Data for this exercise:
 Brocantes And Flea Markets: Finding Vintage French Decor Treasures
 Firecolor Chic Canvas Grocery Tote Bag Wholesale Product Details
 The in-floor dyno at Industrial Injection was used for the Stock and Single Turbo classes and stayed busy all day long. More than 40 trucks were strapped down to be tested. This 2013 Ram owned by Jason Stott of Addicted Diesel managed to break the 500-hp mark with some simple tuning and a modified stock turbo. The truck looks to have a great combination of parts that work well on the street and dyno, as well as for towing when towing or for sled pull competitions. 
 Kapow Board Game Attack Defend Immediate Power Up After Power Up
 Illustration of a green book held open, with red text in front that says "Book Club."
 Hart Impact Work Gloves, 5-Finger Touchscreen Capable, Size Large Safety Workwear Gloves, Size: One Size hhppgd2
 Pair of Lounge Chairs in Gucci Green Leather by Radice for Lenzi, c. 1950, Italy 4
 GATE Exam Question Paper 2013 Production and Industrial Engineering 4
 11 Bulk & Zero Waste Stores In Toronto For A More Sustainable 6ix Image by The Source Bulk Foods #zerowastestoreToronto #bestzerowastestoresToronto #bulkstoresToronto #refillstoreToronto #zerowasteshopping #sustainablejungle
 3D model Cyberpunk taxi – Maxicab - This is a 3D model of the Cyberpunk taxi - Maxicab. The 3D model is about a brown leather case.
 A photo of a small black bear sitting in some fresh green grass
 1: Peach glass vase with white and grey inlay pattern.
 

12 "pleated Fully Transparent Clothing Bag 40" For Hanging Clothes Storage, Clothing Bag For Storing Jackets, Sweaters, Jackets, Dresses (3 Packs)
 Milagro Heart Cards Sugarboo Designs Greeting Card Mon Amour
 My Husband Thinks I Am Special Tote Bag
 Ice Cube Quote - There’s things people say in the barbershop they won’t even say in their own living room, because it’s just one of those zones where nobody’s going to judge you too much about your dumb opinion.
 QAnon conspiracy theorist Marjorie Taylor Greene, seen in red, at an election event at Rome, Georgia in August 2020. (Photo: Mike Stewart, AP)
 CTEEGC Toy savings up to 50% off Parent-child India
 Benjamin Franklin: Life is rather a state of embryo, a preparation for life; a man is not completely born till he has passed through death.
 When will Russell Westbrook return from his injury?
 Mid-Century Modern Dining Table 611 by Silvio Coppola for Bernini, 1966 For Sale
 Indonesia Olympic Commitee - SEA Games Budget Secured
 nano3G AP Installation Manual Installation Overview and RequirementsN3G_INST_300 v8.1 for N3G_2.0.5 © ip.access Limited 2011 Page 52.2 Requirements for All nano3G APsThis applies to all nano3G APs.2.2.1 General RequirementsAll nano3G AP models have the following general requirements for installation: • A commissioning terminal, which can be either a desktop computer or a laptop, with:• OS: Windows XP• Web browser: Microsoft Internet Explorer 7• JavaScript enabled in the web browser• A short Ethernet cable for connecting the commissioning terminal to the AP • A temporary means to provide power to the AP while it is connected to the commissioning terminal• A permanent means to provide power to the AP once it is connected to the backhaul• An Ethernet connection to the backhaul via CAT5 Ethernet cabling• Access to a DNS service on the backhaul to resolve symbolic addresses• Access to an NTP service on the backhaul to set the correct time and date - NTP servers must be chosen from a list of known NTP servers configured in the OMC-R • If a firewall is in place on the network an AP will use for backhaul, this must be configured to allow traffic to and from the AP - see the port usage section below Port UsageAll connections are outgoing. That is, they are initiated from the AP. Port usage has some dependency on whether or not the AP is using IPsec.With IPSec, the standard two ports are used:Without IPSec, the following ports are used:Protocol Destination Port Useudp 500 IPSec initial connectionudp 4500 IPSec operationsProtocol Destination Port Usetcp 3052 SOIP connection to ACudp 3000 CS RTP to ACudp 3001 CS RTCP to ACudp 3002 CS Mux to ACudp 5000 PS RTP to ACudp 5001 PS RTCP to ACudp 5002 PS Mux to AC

Prompt:
From the listing above, copy every line that holds the string "More".

Exercise result:
 The in-floor dyno at Industrial Injection was used for the Stock and Single Turbo classes and stayed busy all day long. More than 40 trucks were strapped down to be tested. This 2013 Ram owned by Jason Stott of Addicted Diesel managed to break the 500-hp mark with some simple tuning and a modified stock turbo. The truck looks to have a great combination of parts that work well on the street and dyno, as well as for towing when towing or for sled pull competitions. 
 11 Bulk & Zero Waste Stores In Toronto For A More Sustainable 6ix Image by The Source Bulk Foods #zerowastestoreToronto #bestzerowastestoresToronto #bulkstoresToronto #refillstoreToronto #zerowasteshopping #sustainablejungle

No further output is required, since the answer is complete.